In those 6 CDT, drug has 2, chemical_substance has 3 and phenotypic_feature has 1.

I actually sent an email to ohdsi (Observational Health Data Sciences and Informatics) and they told me that for MedDRA, we as a academic institution might get a free license from the MSSO.

dkoslicki commented 4 years ago

@chunyuma great that we might get a free license! Check with @saramsey if we already do or do not have a license, and if not, let us (me and/or Steve) know how we can help with getting the license for MedDRA

chunyuma commented 4 years ago

@dkoslicki, it seems like we should have the license for MedDRA already because I saw @saramsey has ever posted an associated issue #891 about MedDRA. We can check it with @saramsey in AHM meeting on Wednesday.

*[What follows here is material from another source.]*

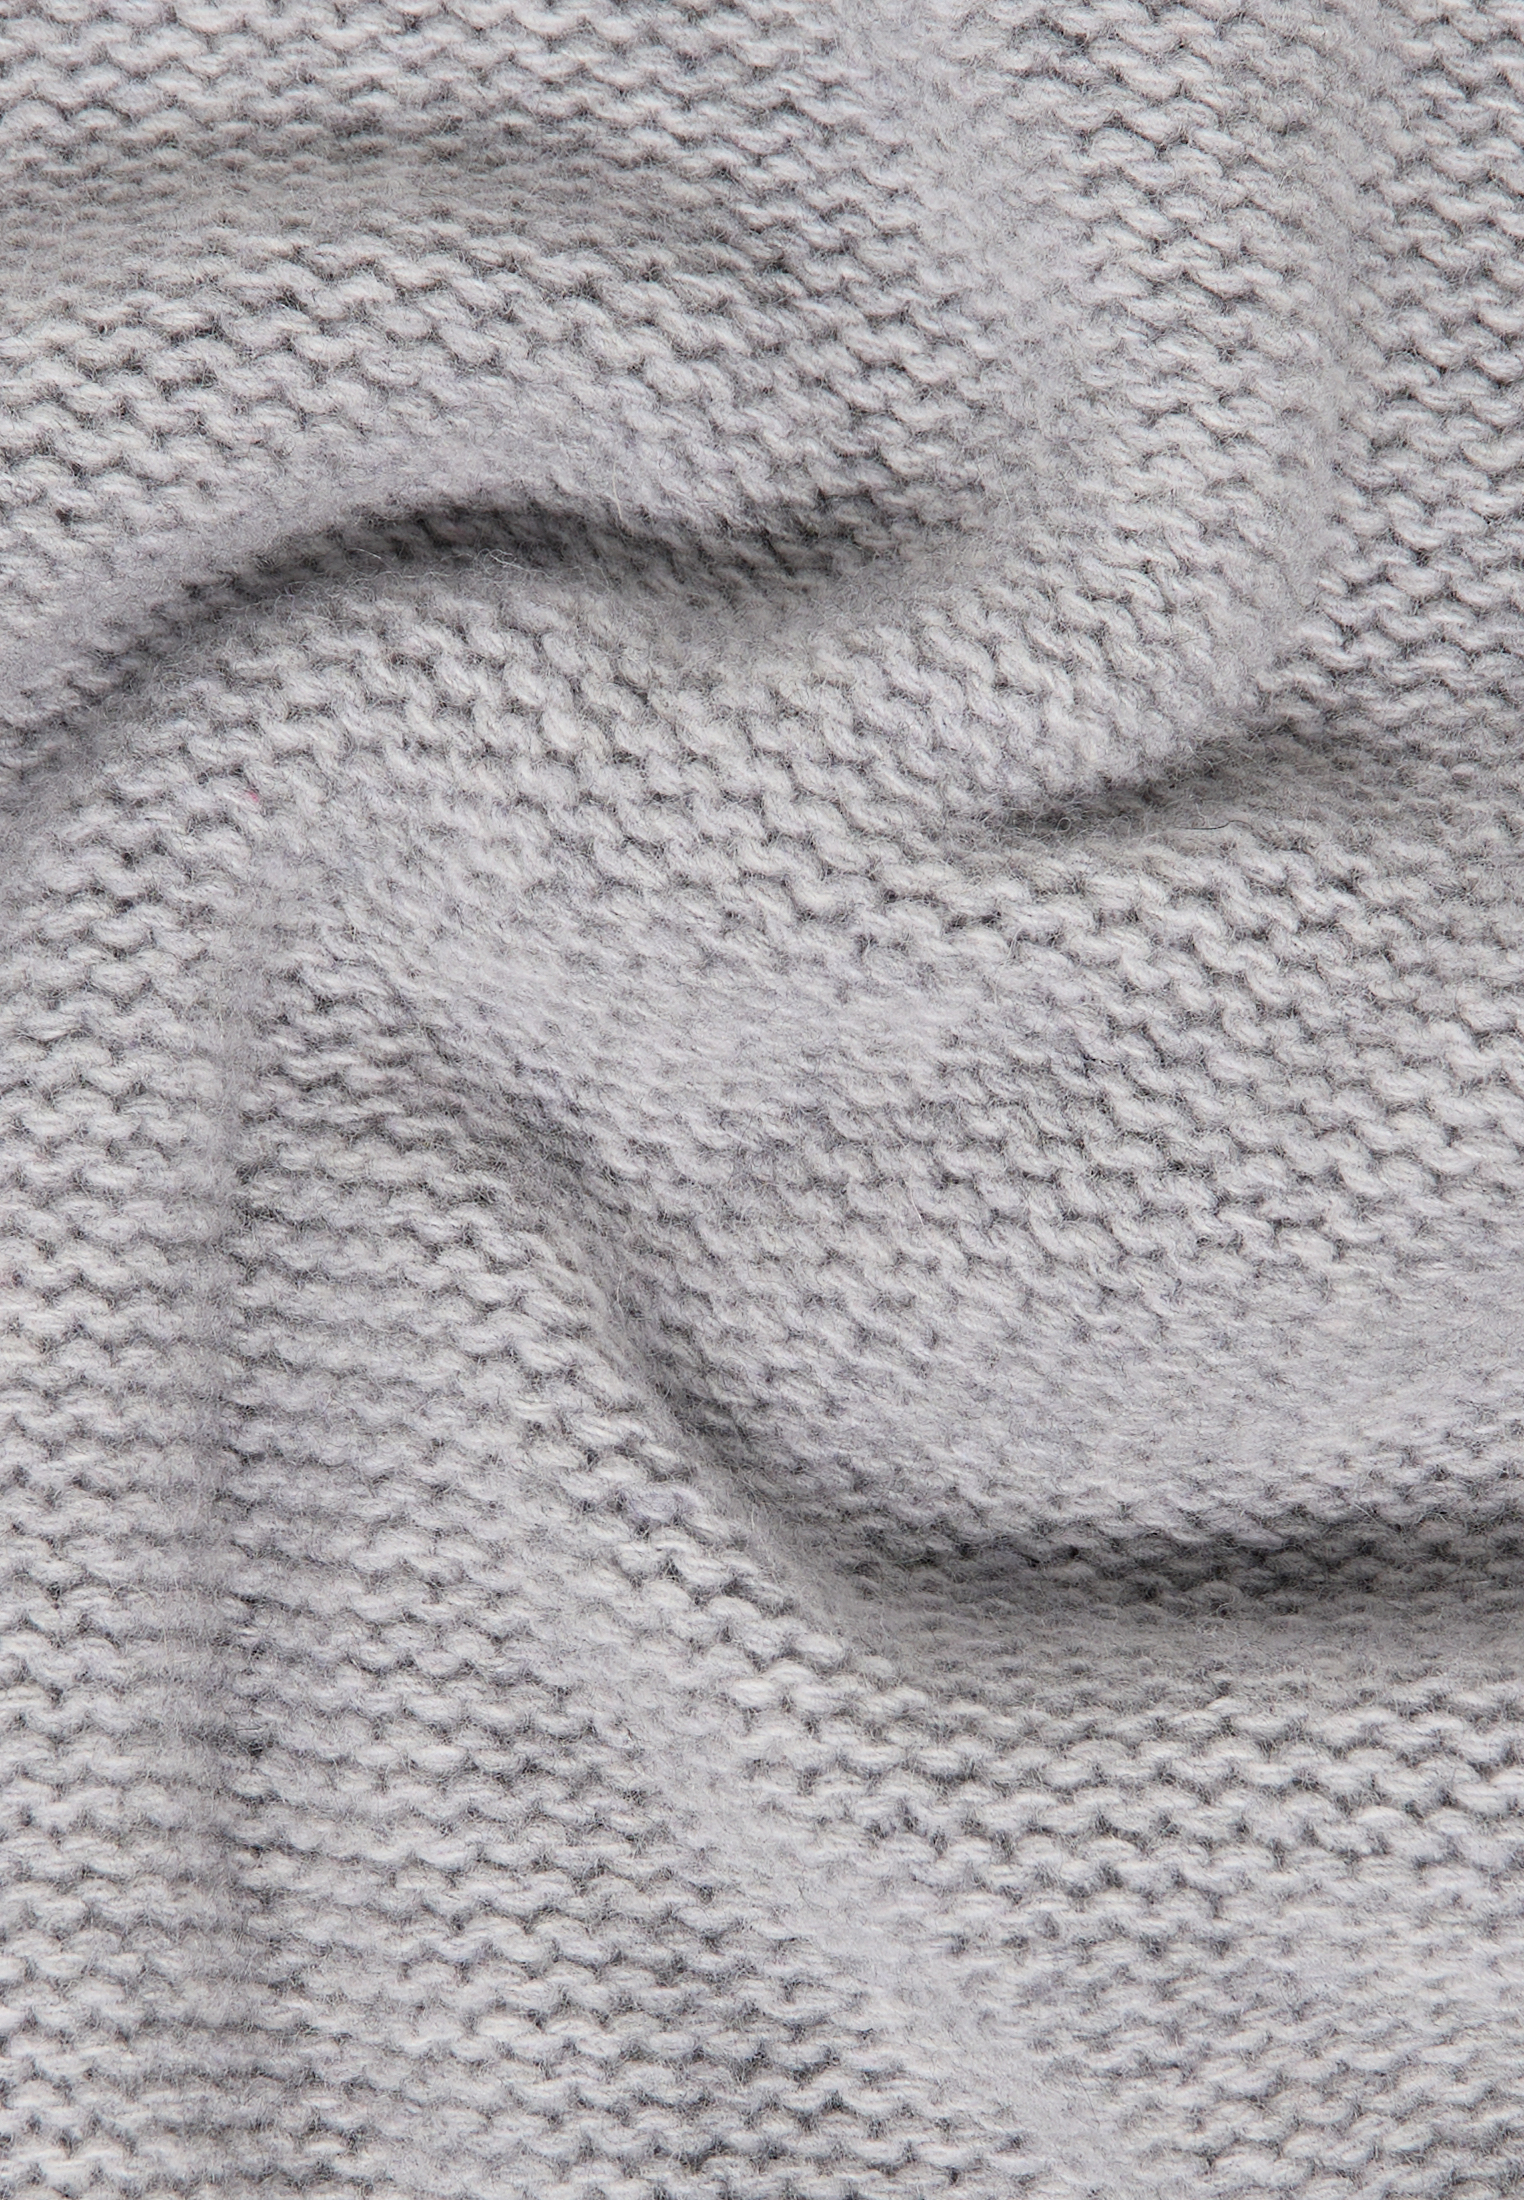 Gebreide pullover in grijs vlakte

If we don't have, perhaps I might need the help from you or Steve to get this license.

I'm actually running the script to map the curies to OMOP ids based on the data I can get from Athena portal. So this might need to take a few days. Once we have the MedDRA data, we can just simply add it to the existing data.

chunyuma commented 4 years ago

Update: Since Steve told me that we don't have a license to download the MedDRA data from Athena portal, I'm trying to contact MedDRA MSSO Help Desk to see if we can get a free, special license.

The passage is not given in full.